使用每个文件中第一个序列的ID自动重命名fasta文件 [英] Automatically rename fasta files with the ID of the first sequence in each file
问题描述
我在同一目录中有多个具有单个序列的fasta文件.我想使用在fasta文件中存在的单个序列的标题来重命名每个fasta文件.当我运行我的代码时,我得到替换模式未终止于(用户提供的代码)"

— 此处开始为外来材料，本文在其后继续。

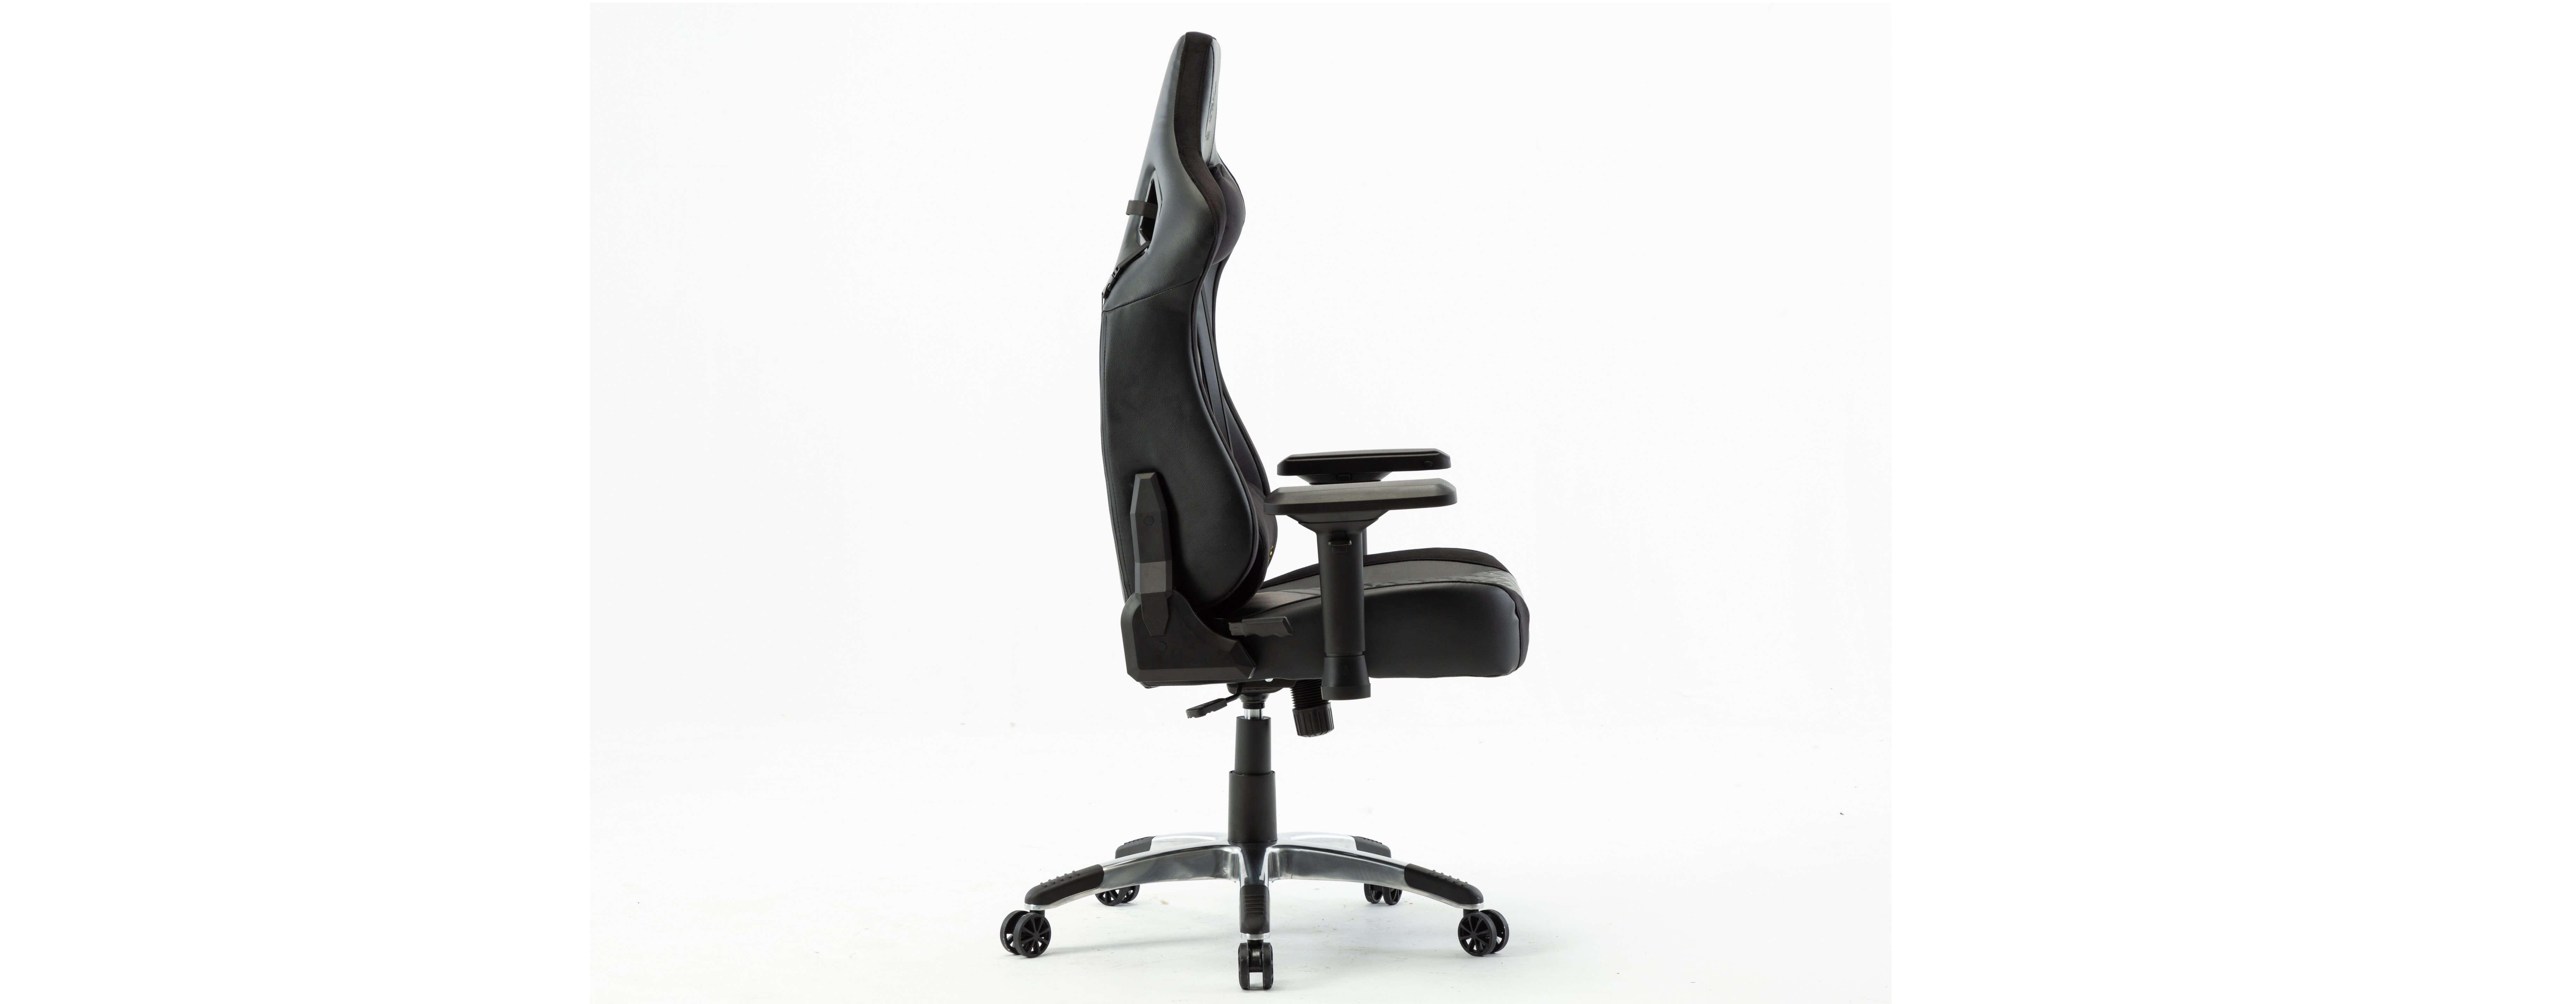 Ghế gamer E-Dra Hercules EGC203 Pro Black/Yellow có thiết kế công thái học ôm sát lưng

I have multiple fasta files with single sequence in the same directory. I want to rename each fasta file with the header of the single sequence present in the fasta file. When i run my code , i obtain "Substitution pattern not terminated at (user-supplied code)"
我的代码:
#!/bin/bash
for i in /home/maryem/files/;
do
if [ ! -f $i ]; then
echo "skipping $i";
else
newname=`head -1 $i | sed 's/^\s*\([a-zA-Z0-9]\+\).*$/\1/'`;
[ -n "$newname" ] ;
mv -i $i $newname.fasta || echo "error at: $i";
fi;
done | rename s/ // *.fasta
fasta文件:
>NC_013361.1 Escherichia coli O26:H11 str. 11368 DNA, complete genome
AGCTTTTCATTCTGACTGCAATGGGCAATATGTCTCTGTGTGGATTAAAAAAAGAGTCTCTGACAGCAGCTTCTGAACTG
GTTACCTGCCGTGAGTAAATTAAAATTTTATTGACTTAGGTCACTAAATACTTTAACCAATATAGGCATAGCGCACAGAC
AGATAAAAATTACAGAGTACACAACATCCATGAAACGCATTAGCACCACCATTATCACCACCATCACCATTACCACAGGT
我不确定是否还有另一种方法可以用标头中的ID重命名每个文件??
I'm not sure if there is another way to rename each file with the ID in the header ??
推荐答案
鉴于ID是文件的第一个单词",您可以在包含fasta文件的目录中运行以下内容.
Given that the ID is the first "word" of the file, you can run the following in the directory containing the fasta files.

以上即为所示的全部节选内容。